** PROVIDED DATA **
##############################
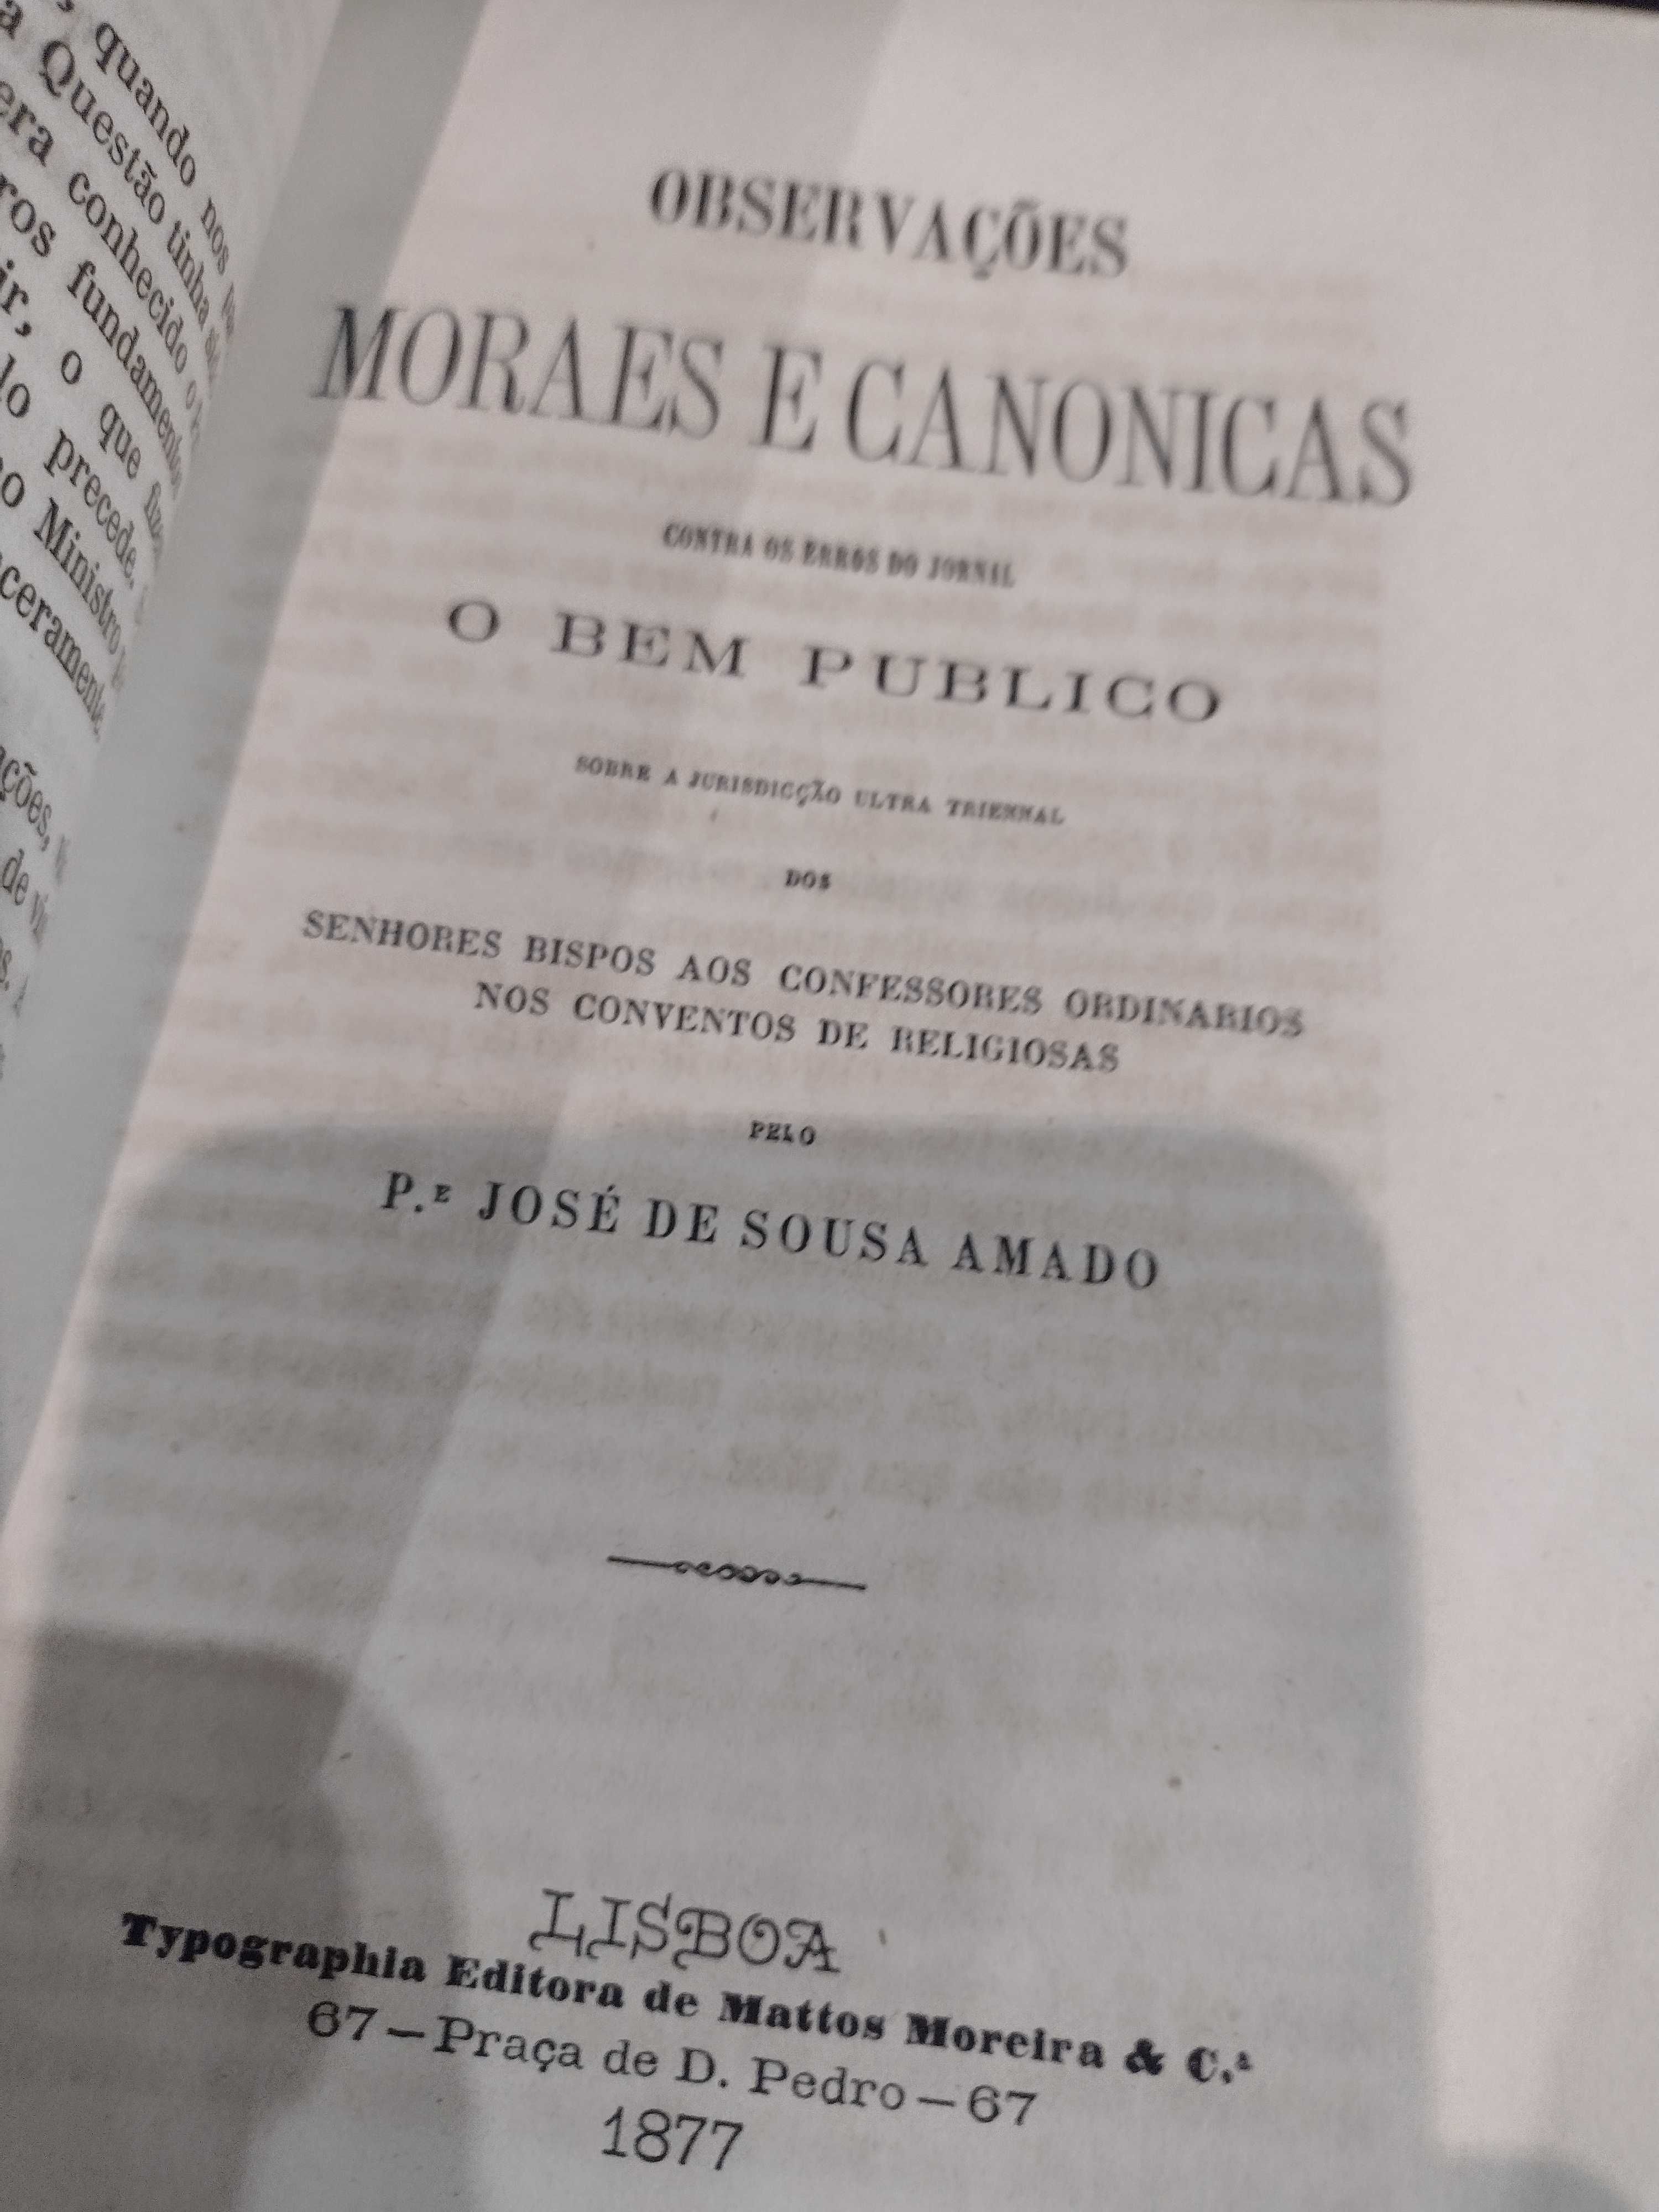 Padre José de Sousa Amado 1877 Observações Moraes e Canônicas
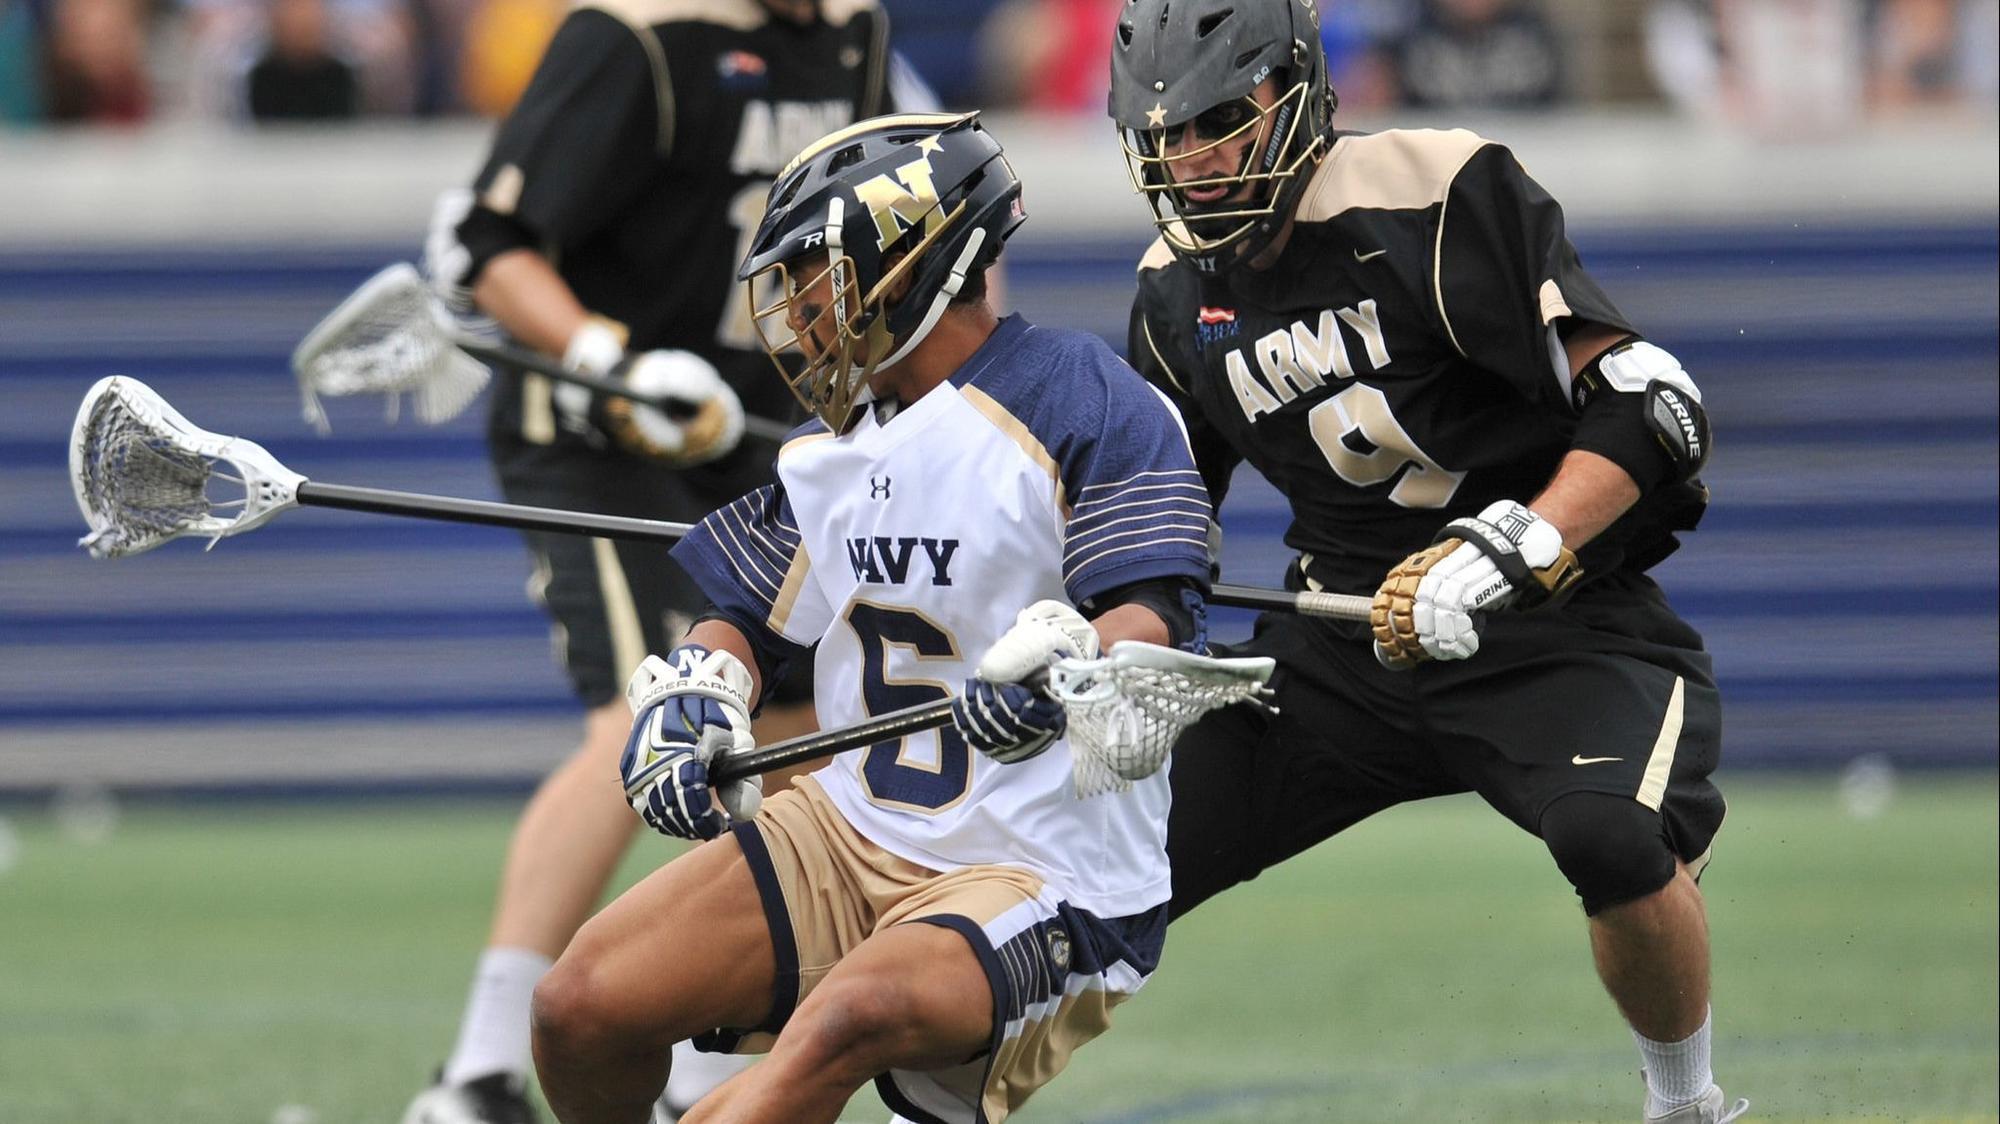 Navy seniors seeking Star game sweep of Army in men's lacrosse
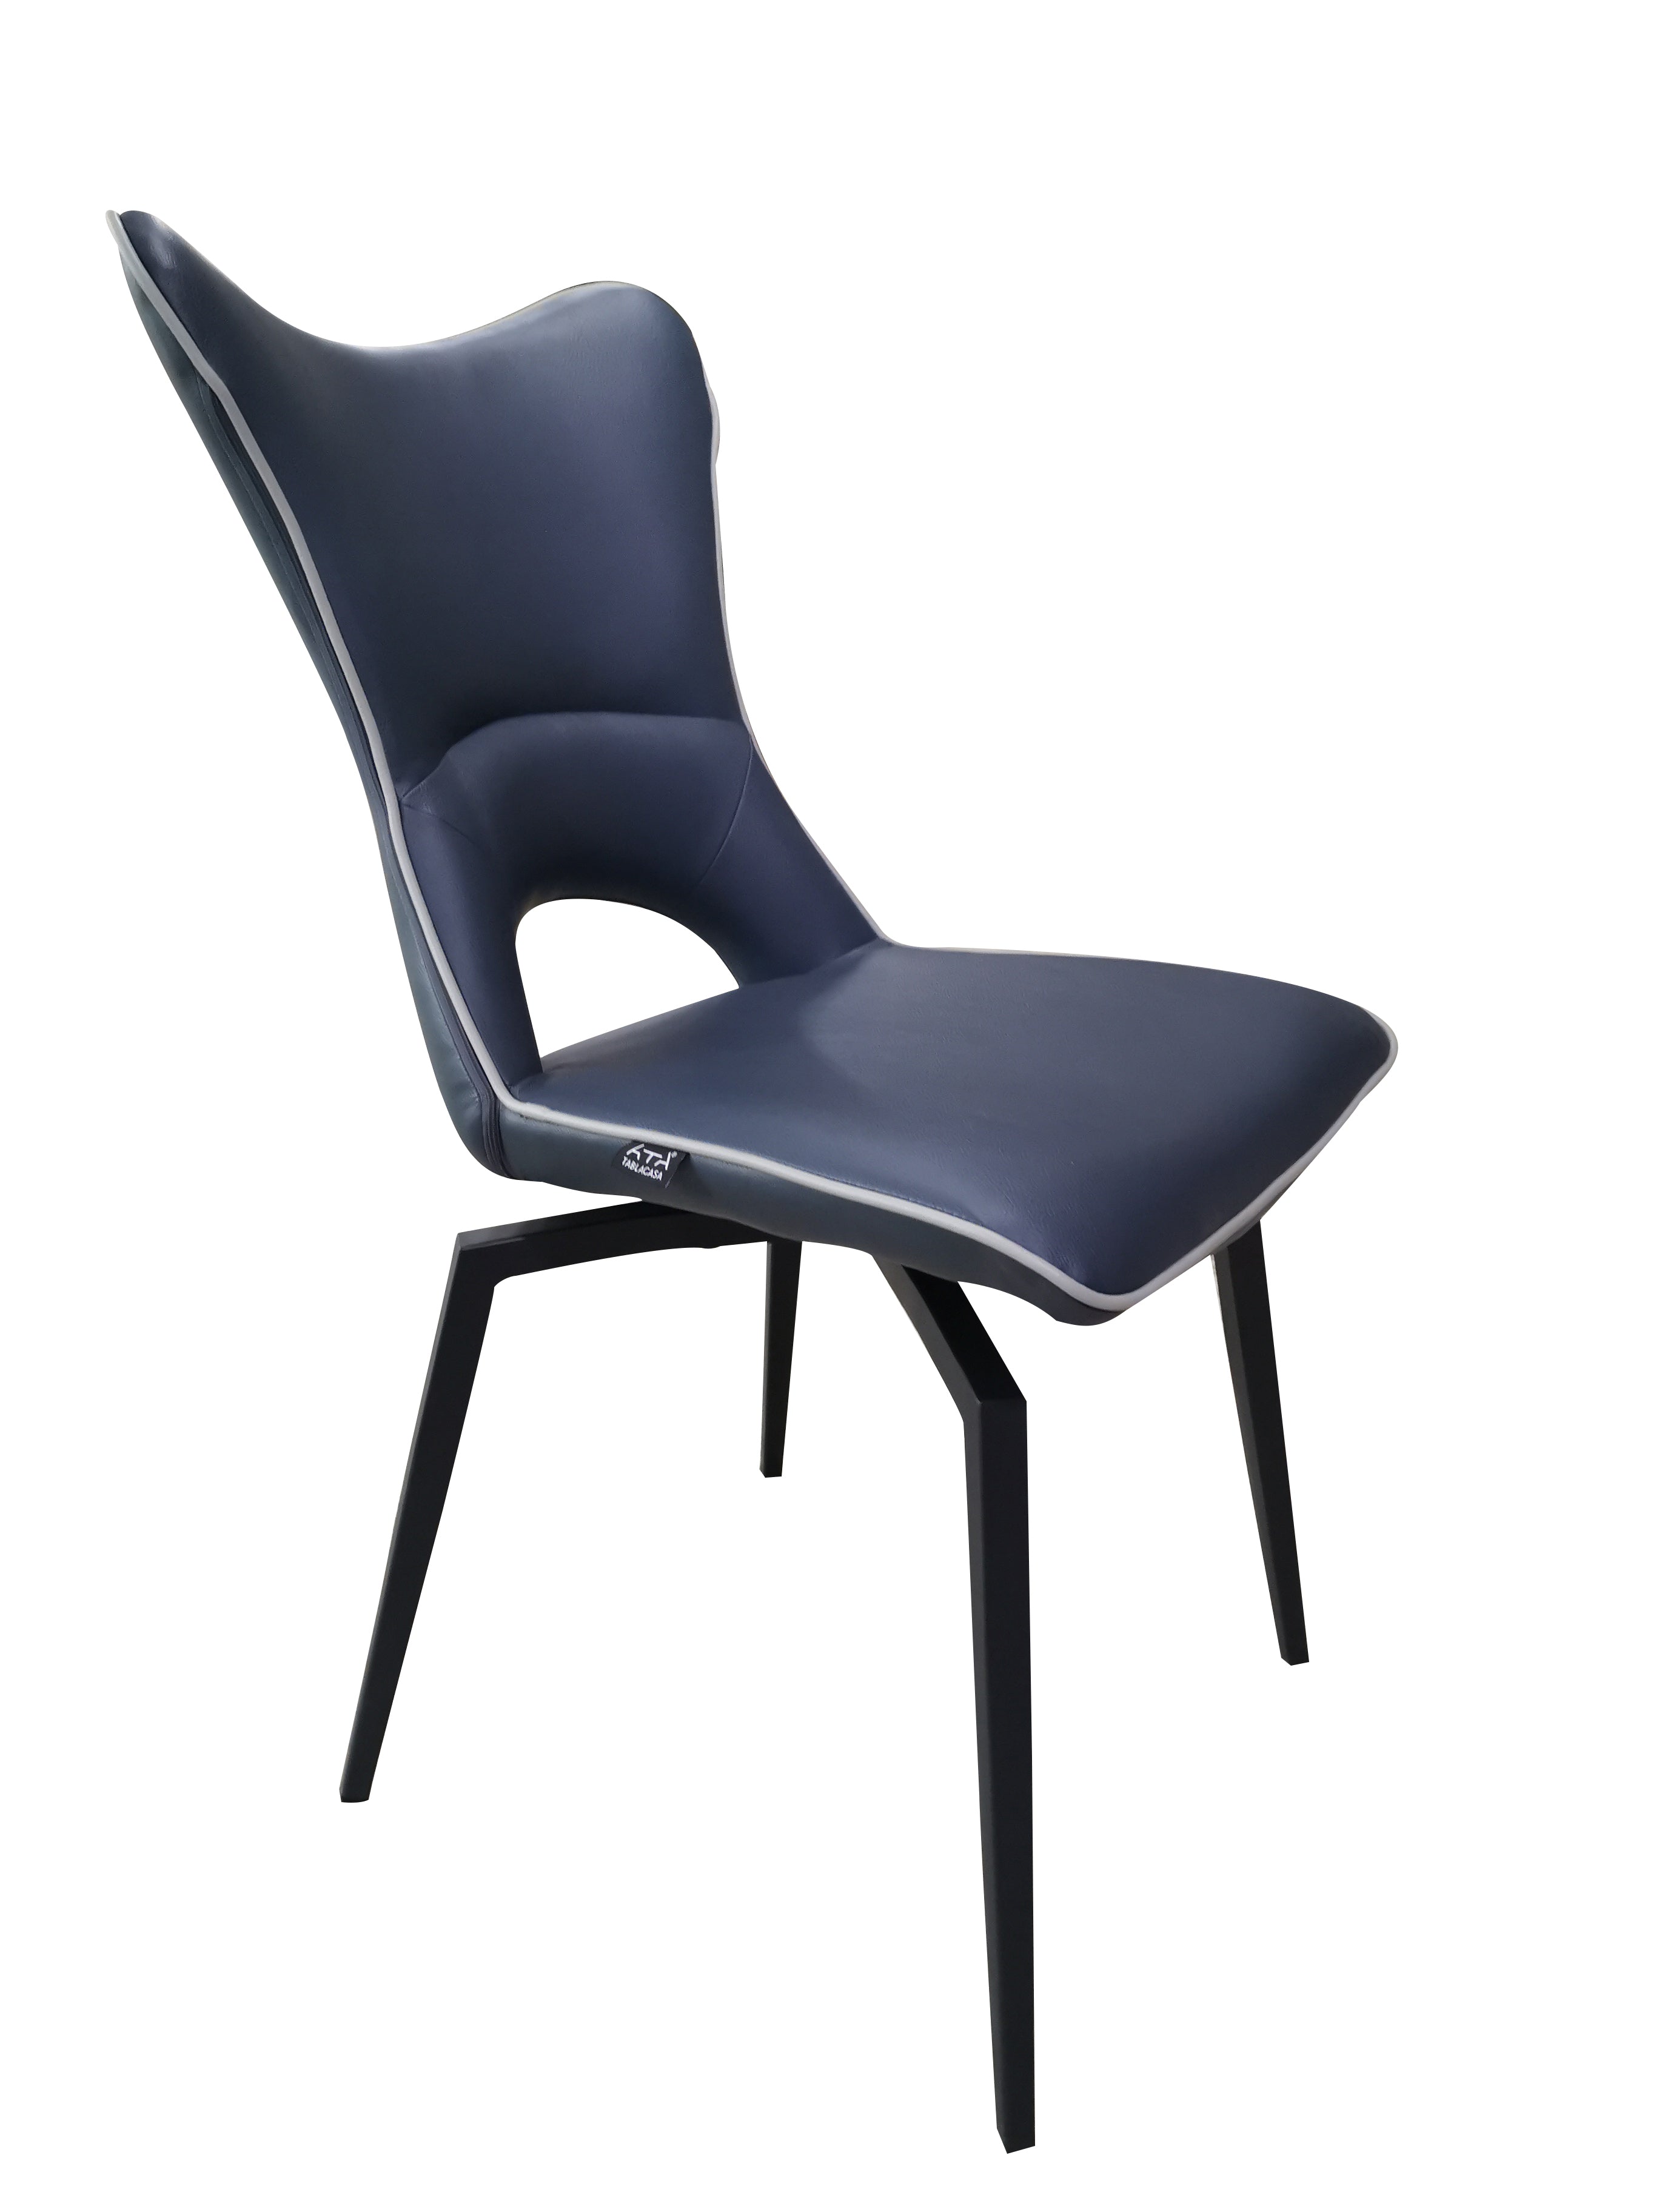 Chaise pivotante bleu design pieds métal noir  - Holga
##############################
** INSTRUCTIONS FOR THE TASK **
Every line of the listing should be repeated exactly; no picture should appear.

** RESULT **
 Padre José de Sousa Amado 1877 Observações Moraes e Canônicas
 Navy seniors seeking Star game sweep of Army in men's lacrosse
 Chaise pivotante bleu design pieds métal noir  - Holga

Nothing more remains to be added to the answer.